Related Works

Pressure Image Forming

Pose estimation using deep learning

Pose estimation is a well-established task in Computer Vision [1, 24, 29, 34, 42, 43, 47]. Parametric models [30, 36] like SMPL simplify the representation of the human body,
forming the dense 3D mesh from only a small set of parameters for body shape and joint angles.

While conventional methods [23, 25] use 3D ground truth data for supervision, recent efforts have explored geometric cues and multi-view consistency to predict body mesh from RGB images [5, 22, 45]. Gong et al. [12] use multiple 2D modalities to predict the SMPL body and employ self-correction between the input and 2D projections to train their model. Inspired by this line of research in pose estimation, we develop our method, BodyMAP-WS to learn 3D pressure map without direct supervision. This approach alleviates the need for comprehensive ground truth annotations, facilitating data collection, and training on large unlabeled datasets.

In-bed human pose estimation

In-bed human poses present distinct challenges compared to active poses observed in sports activities. Heavy occlusion caused by blankets and self-occlusion present complexities. Additionally, there is limited body visibility in modalities such as pressure images which fail to capture limbs that are not in contact with the mattress. Datasets like the SLP dataset [26, 28] featuring real-world human participants and the synthetic BodyPressureSD dataset [9], which we leverage in this study, have propelled research in this domain.
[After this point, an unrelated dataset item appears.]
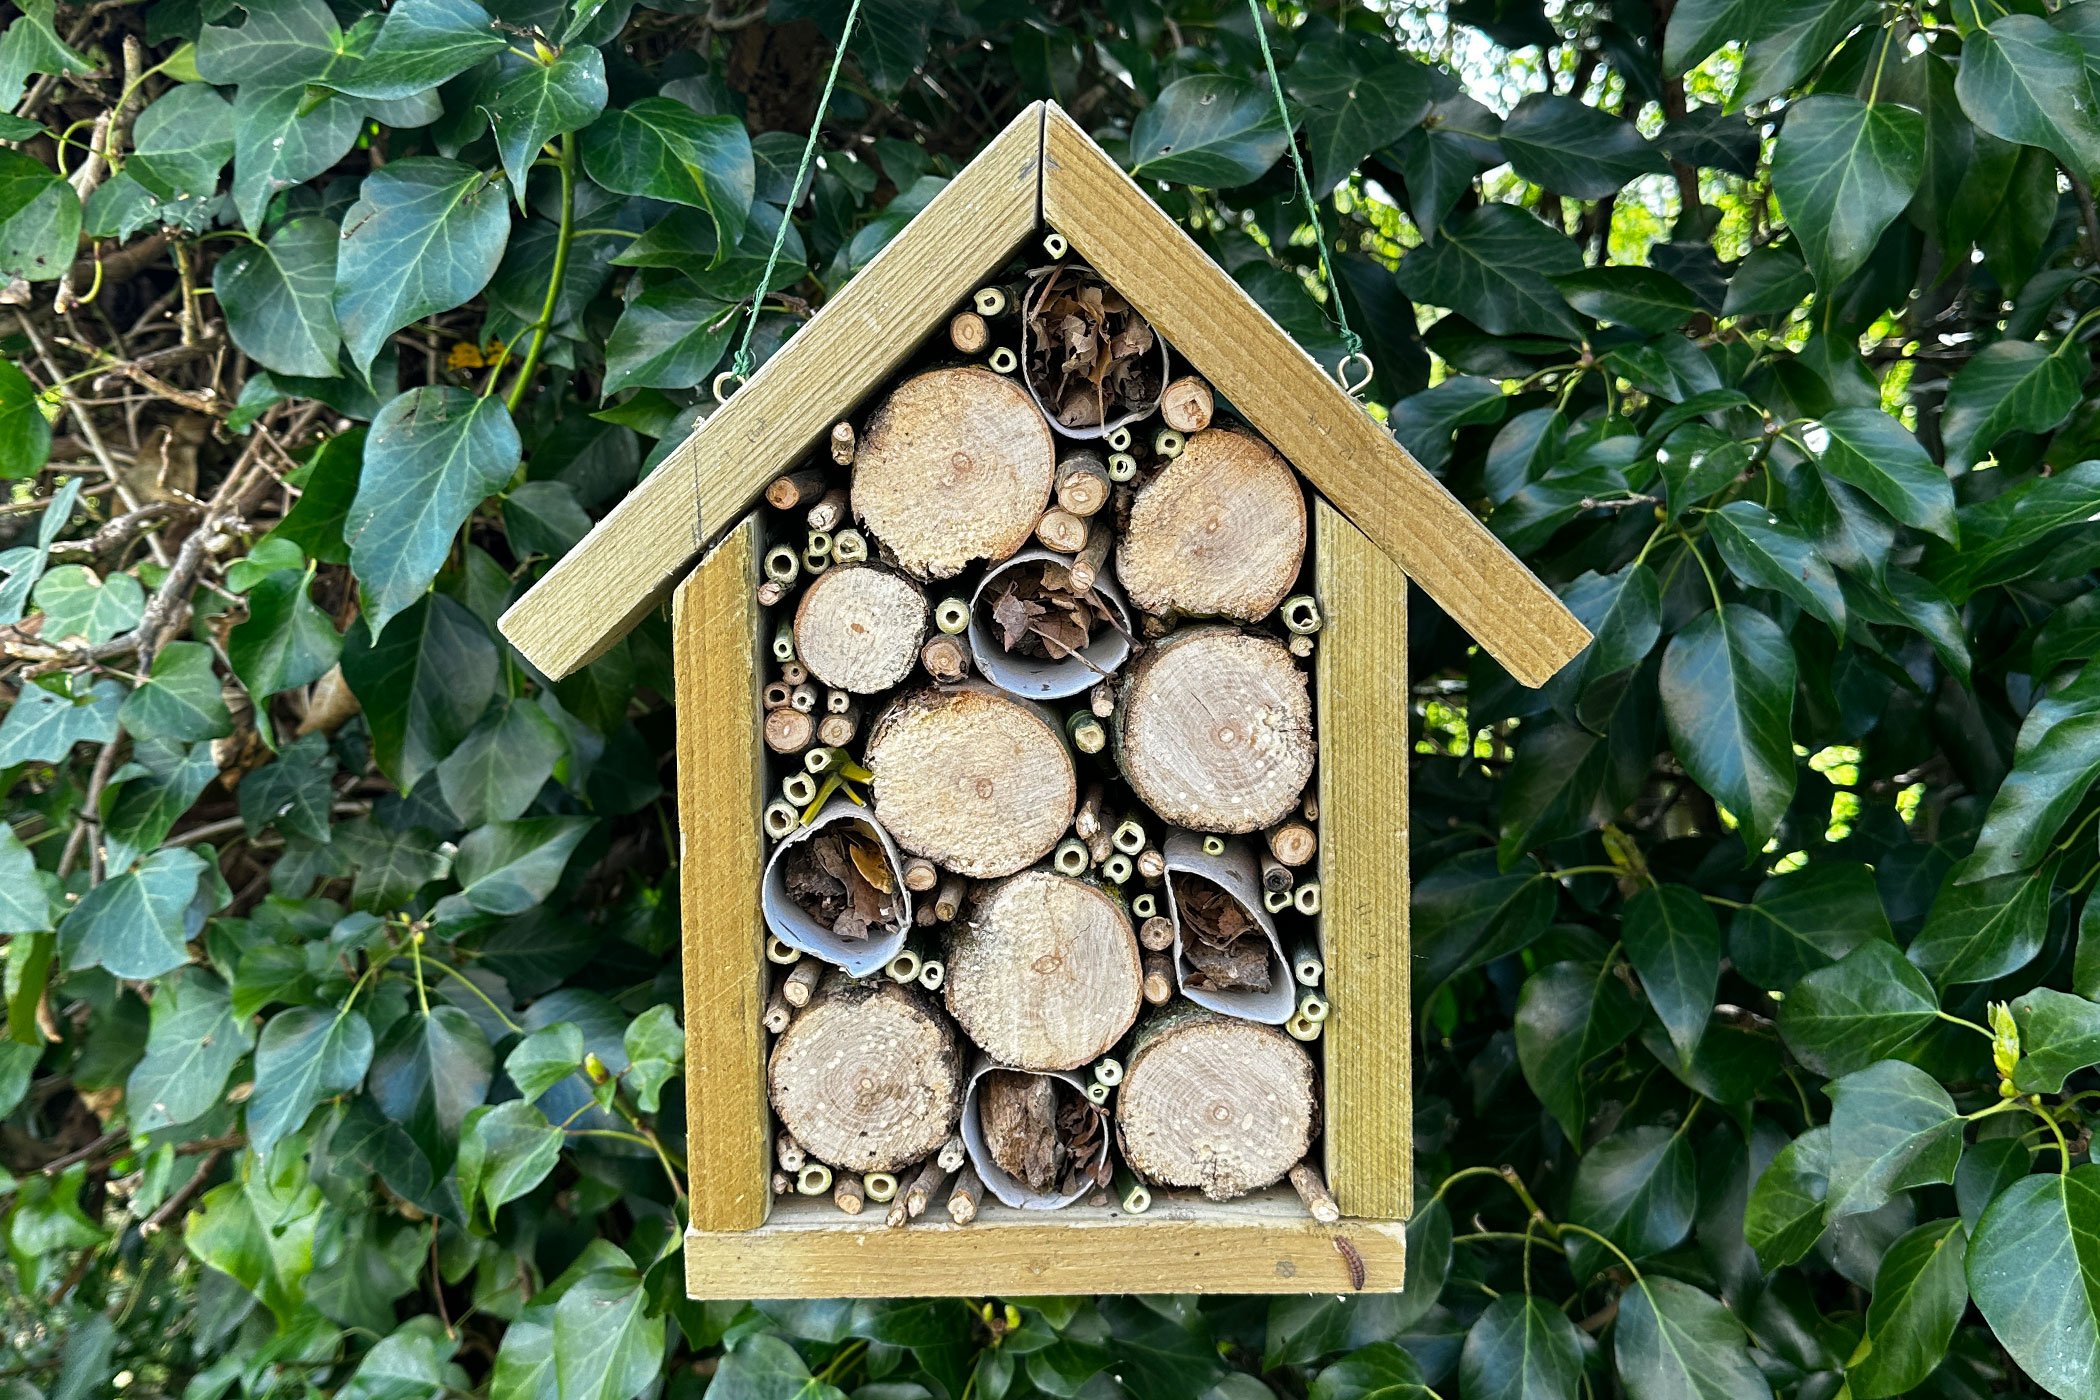 Step Five - Hang your finished bug hotel in the garden to attract bugs to your garden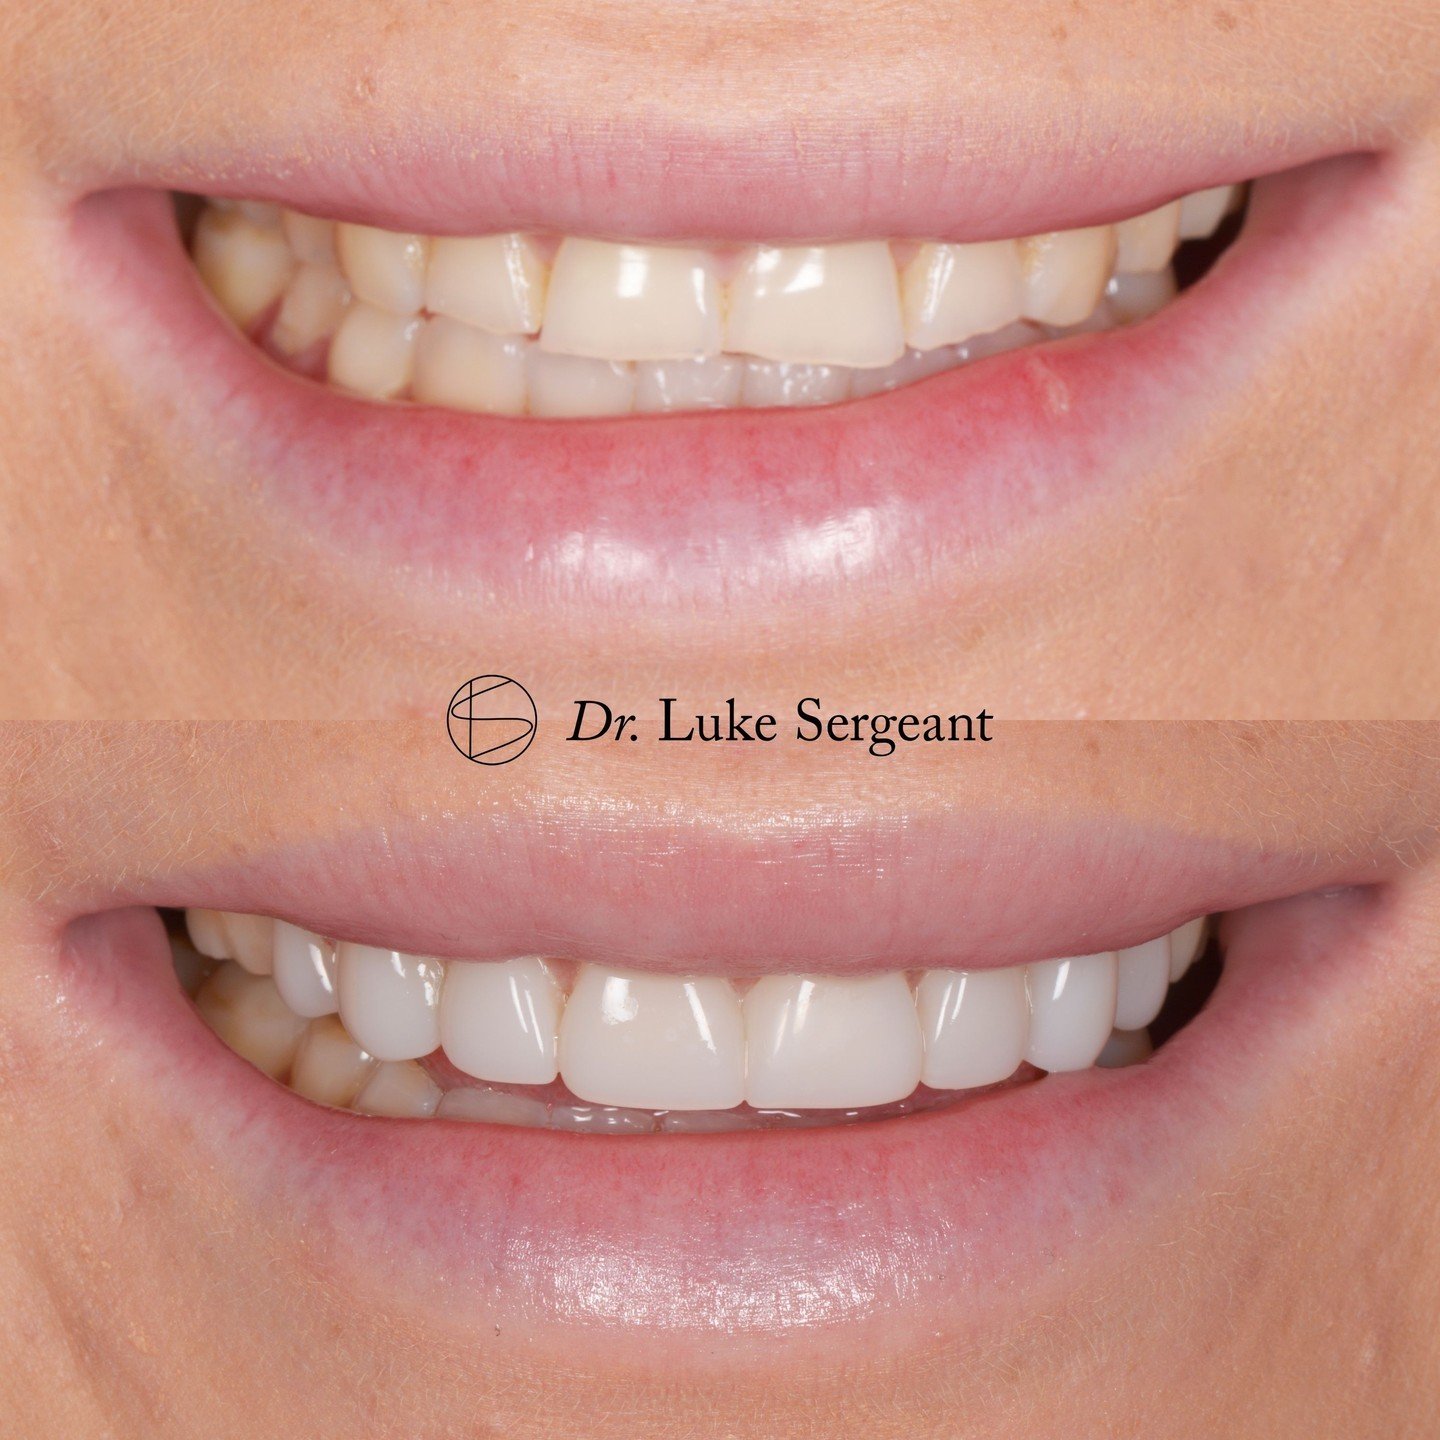 This client had experienced moderate  wear to her upper and lower teeth, leading to a chipped, uneven smile. We first used Invisalign to improve her bite, followed by tooth whitening, and a smile design, before finally restoring her smile with 8x com

Yin et al. [48] introduce pyramid fusion, incorporating modalities like RGB, pressure, depth, and IR images. However, their design necessitates multiple model passes to derive the final predicted body mesh. Considering potential clinical deployments and privacy concerns, we move away from using RGB images in our work. Clever et al. propose methods [8, 9] involving multiple models to estimate the body mesh. These approaches only rely on a single modality (pressure image and depth respectively). Our method, BodyMAP, simplifies this process by employing a single pass through a single model to jointly predict both the bodymesh and applied pressure map, while utilizing multiple visual modalities as input. Our findings demonstrate that our streamlined approach significantly improves performance over prior methodologies.

3D applied pressure map prediction

Prior techniques [9, 27] have explored the task of predicting 2D pressure images from alternative modalities like depth and RGB images respectively, offering a cost-effective means of obtaining information about applied pressure. However, as illustrated in Fig. 2, these 2D pressure images fail to localize peak pressure regions on the body.

In the related domain of pain monitoring, 3D pain drawings have emerged to be more effective visualization tools than their 2D counterparts [11, 41] in analyzing body pain.

In this work, we expand on this concept by directly predicting the 3D applied pressure map onto a human body mesh, overcoming the limitations of 2D pressure images in accurately pinpointing body regions under high pressure. Only a few prior methods explore predicting pressure onto the human body. Wang et al. [46] predict pressure applied during cloth interaction, only on specific body regions such as arms. Clever et al. [9] proposed the concept of full body 3D pressure maps. The authors developed a multimodel pipeline trained in multiple stages, to predict both the body mesh and 2D pressure image from a depth image.

Finally, they approximate the 3D pressure map by vertically projecting the 2D pressure image over the estimated 3D human body HC: but without supervision or rigorous analysis. While a multi-model pipeline can help break down this regression problem, we note that errors from each model often compound, affecting predictions of 3D pressure maps. In contrast, our approach goes beyond these methods by devising a unified model architecture, BodyMAP, to estimate the body mesh and pressure map jointly. Our model offers per-vertex 3D pressure distribution and leverages a PointNet module [37] for pressure map prediction across the entire human body.